Strip the pictures, then copy the remaining data exactly as it stands.

— SUPPLIED MATERIAL —
_ _ _ _ _ _ _

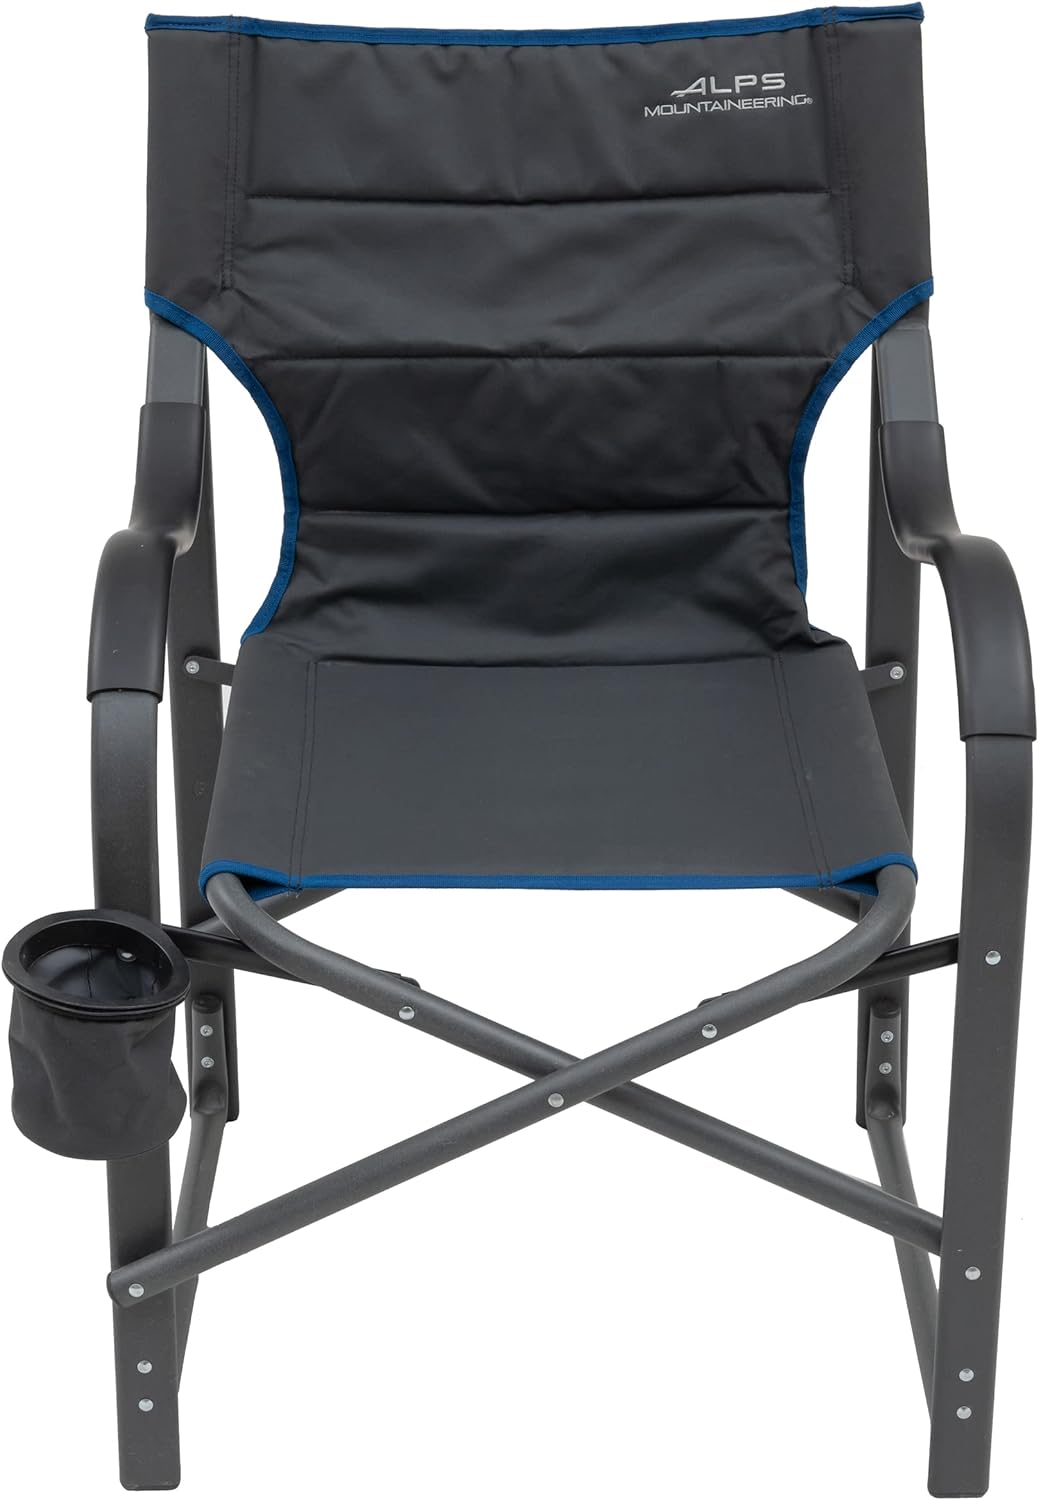 ALPS Mountaineering Camp Chairs for Adults - Comfortable Padded Polyester Fabric Over Sturdy Wide Aluminum\/Steel Frame with Tall Back, Folds Flat
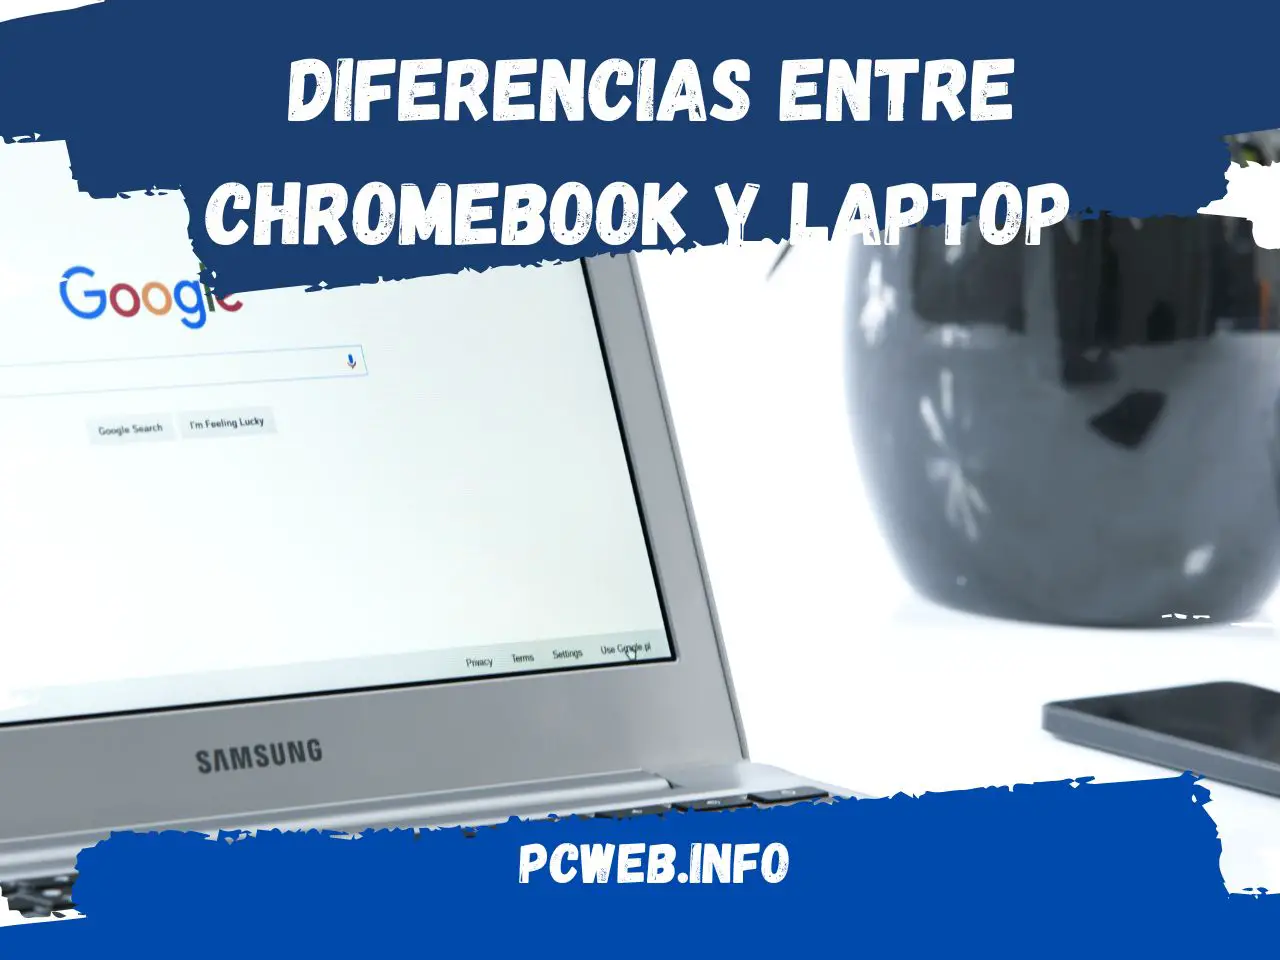 Differences between Chromebook and Laptop
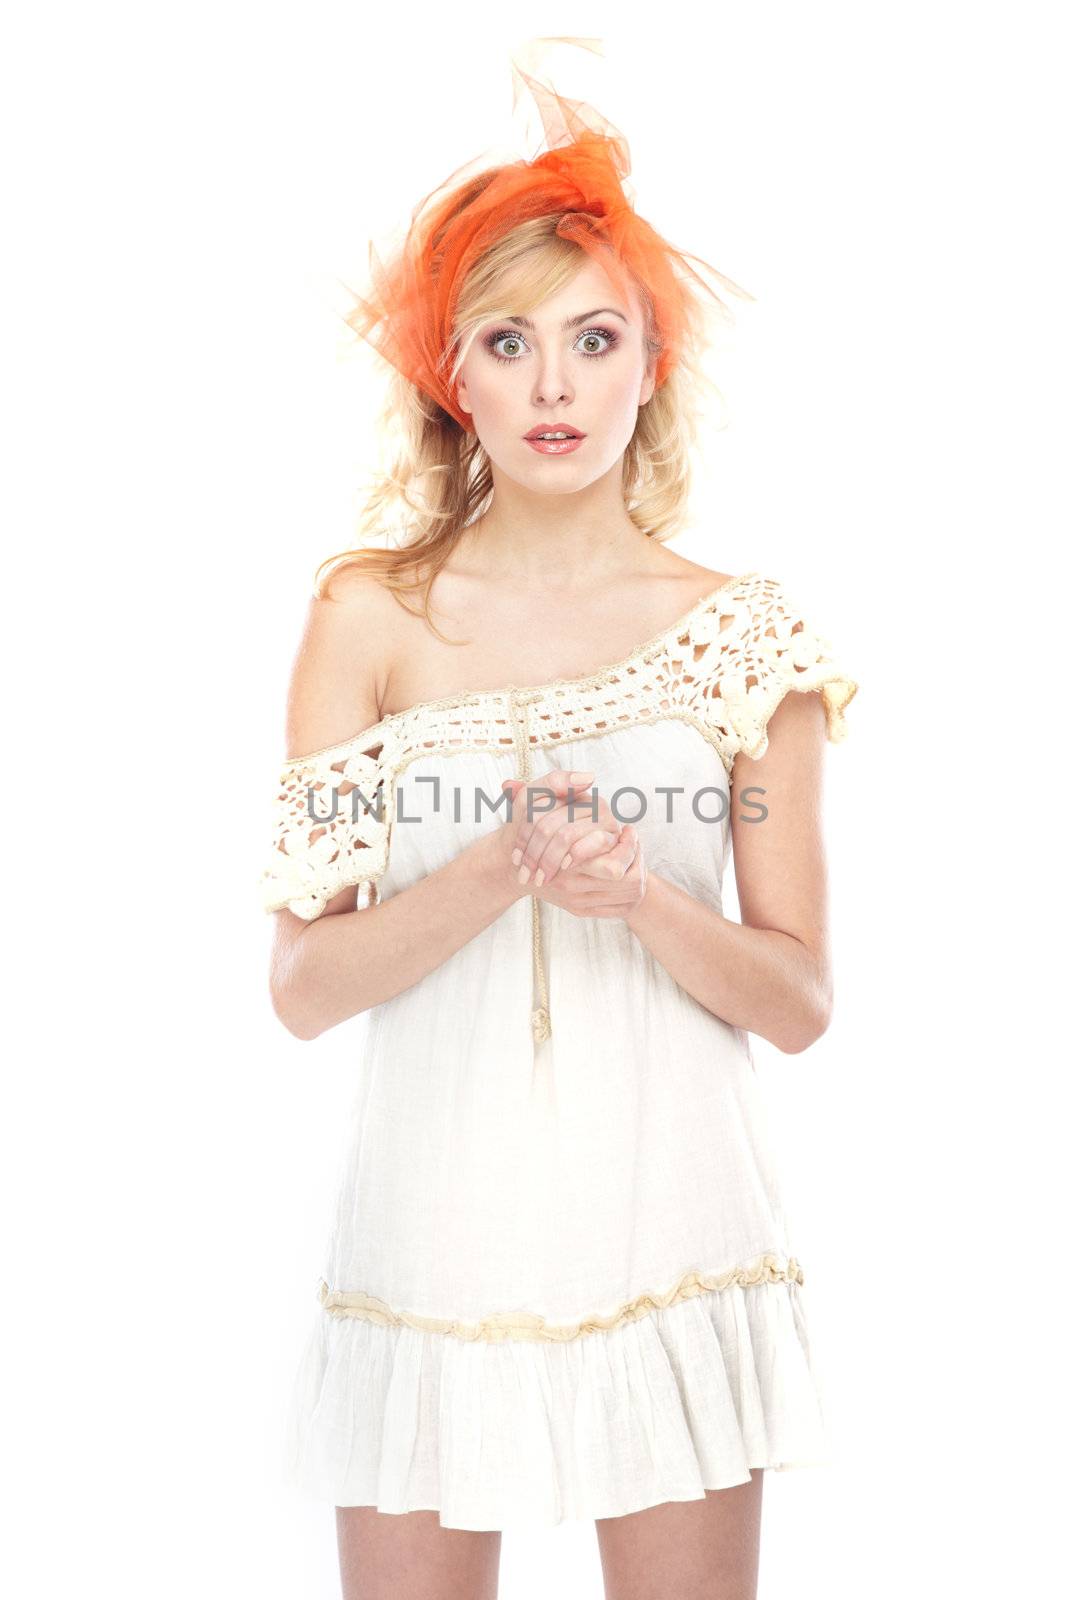 Woman expressing astonishment and surprise on a white background

_ _ _ _ _ _ _

— RESULT FOR THIS EXERCISE —
 ALPS Mountaineering Camp Chairs for Adults - Comfortable Padded Polyester Fabric Over Sturdy Wide Aluminum\/Steel Frame with Tall Back, Folds Flat
 Differences between Chromebook and Laptop
 Woman expressing astonishment and surprise on a white background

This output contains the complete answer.